**Exercise directions:**
Please return the listing exactly as it stands, skipping any pictures.

══ Data extract ══

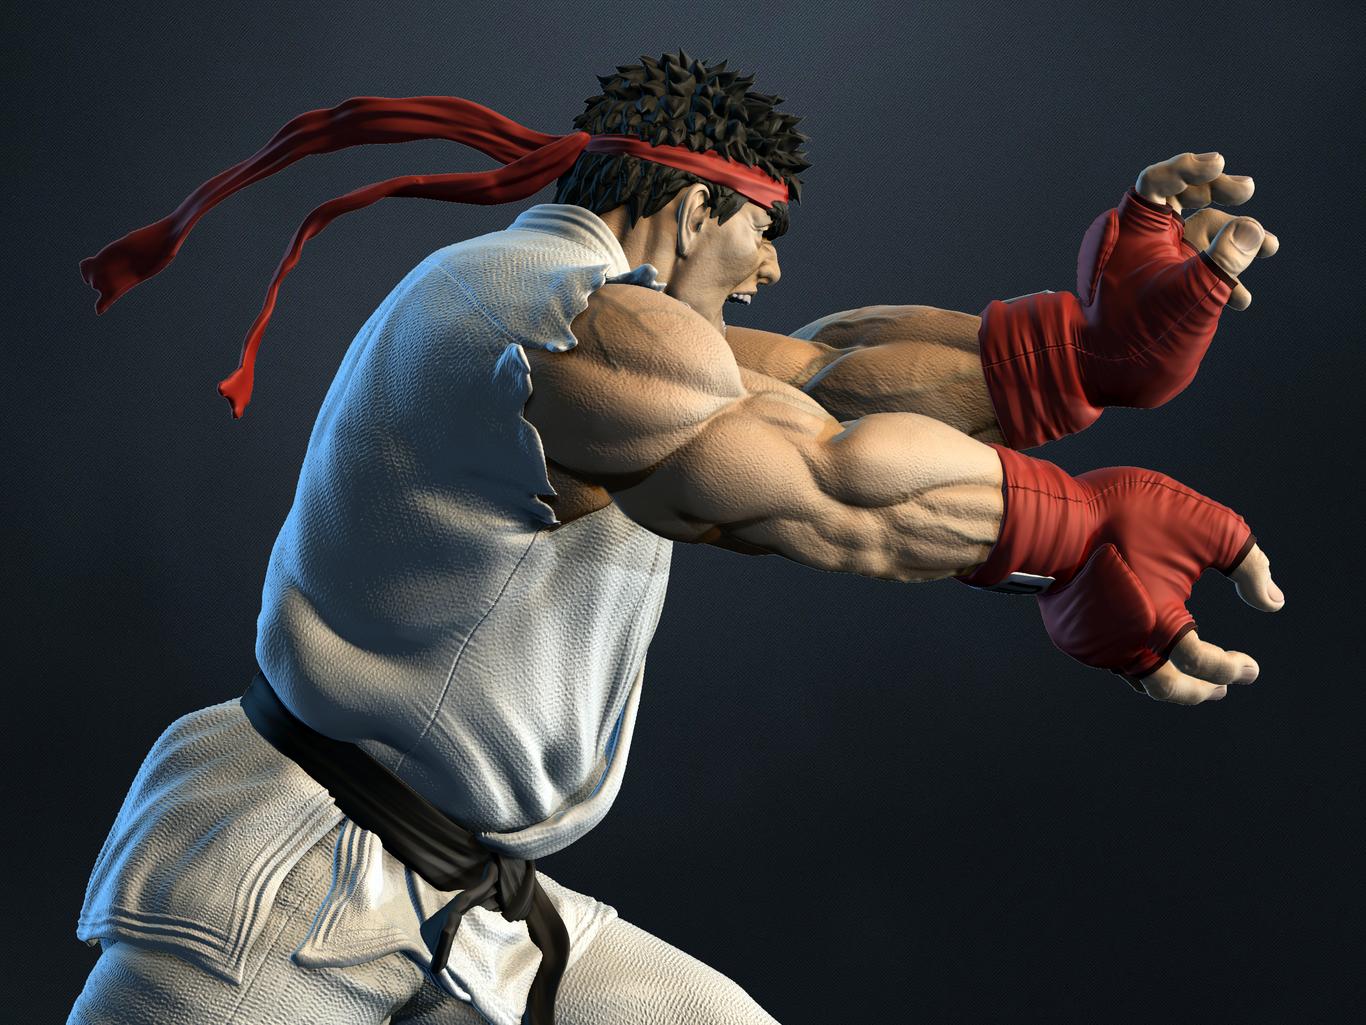 Fanart Ryu Street Fighter By Pana 3d Fan Art 3d Cgsociety
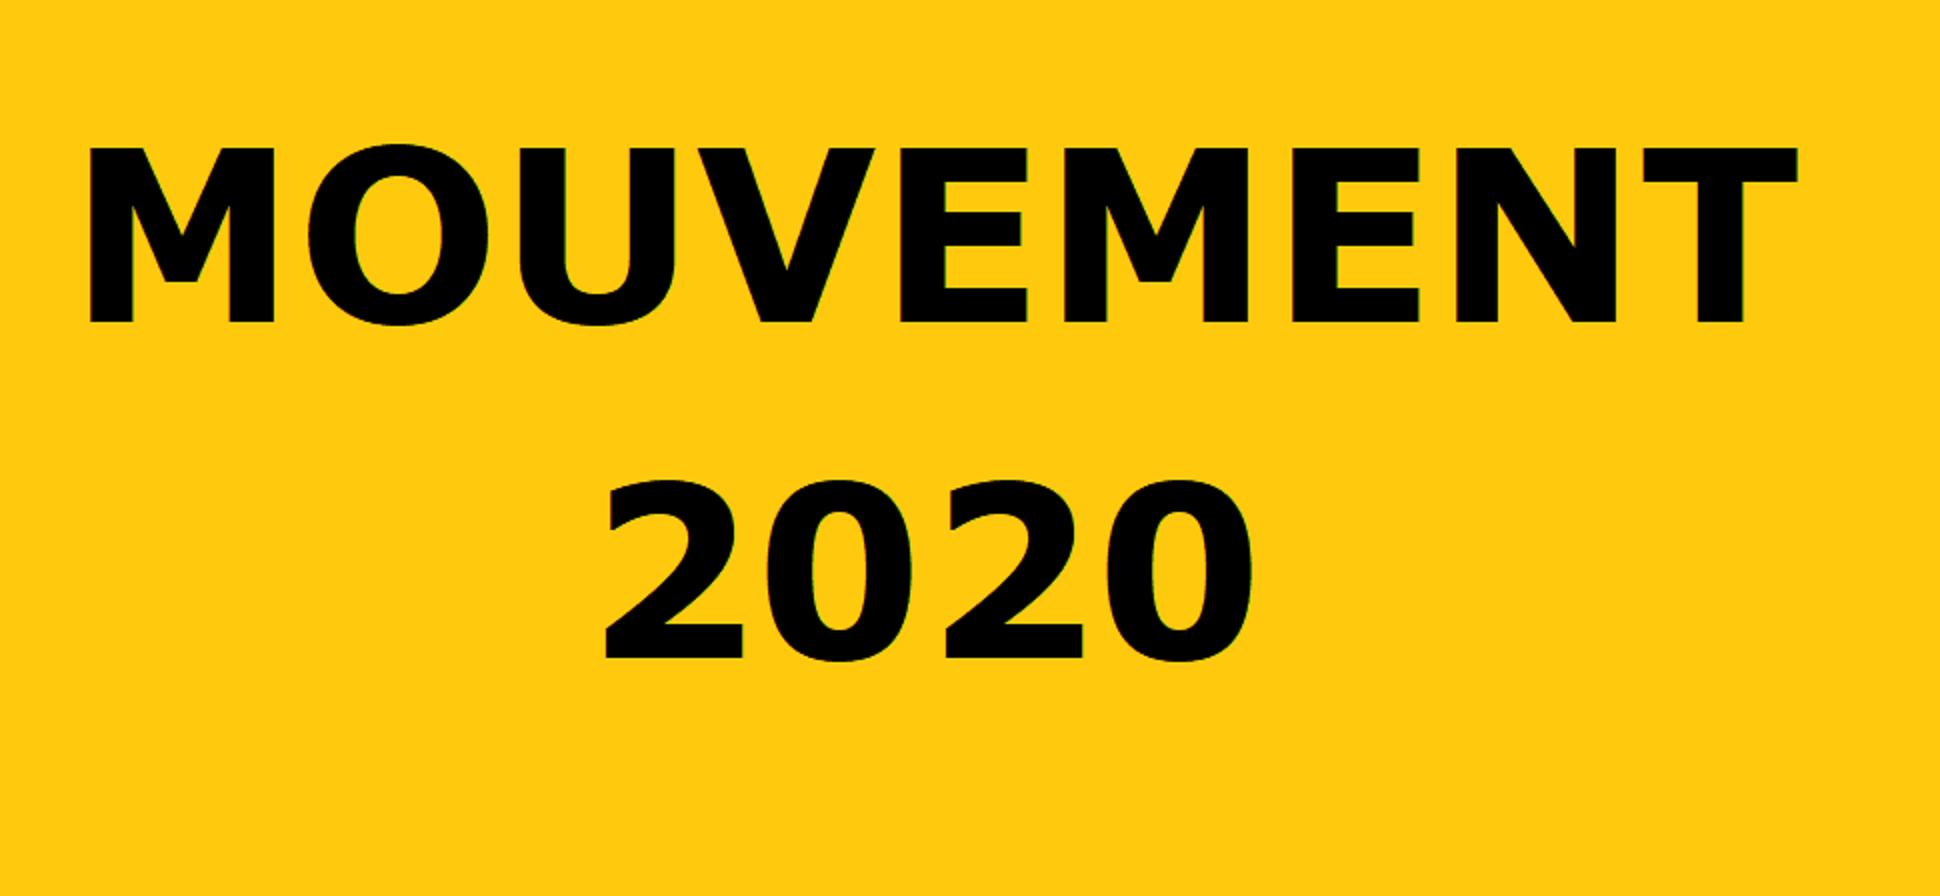 Mouvement 2020
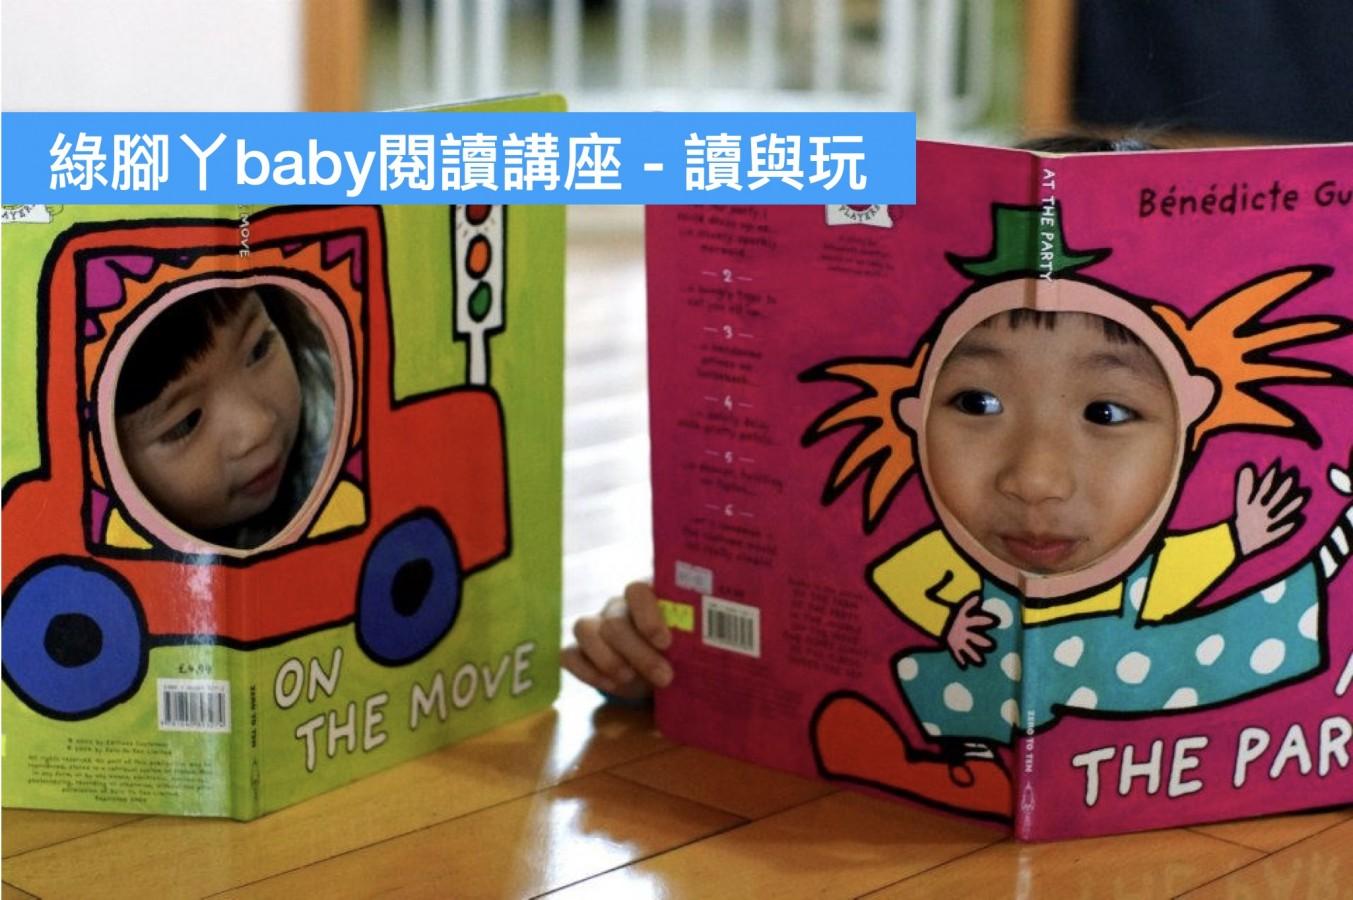 綠腳丫baby閱讀講座 - 讀與玩

═══

**Final answer:**
 Fanart Ryu Street Fighter By Pana 3d Fan Art 3d Cgsociety
 Mouvement 2020
 綠腳丫baby閱讀講座 - 讀與玩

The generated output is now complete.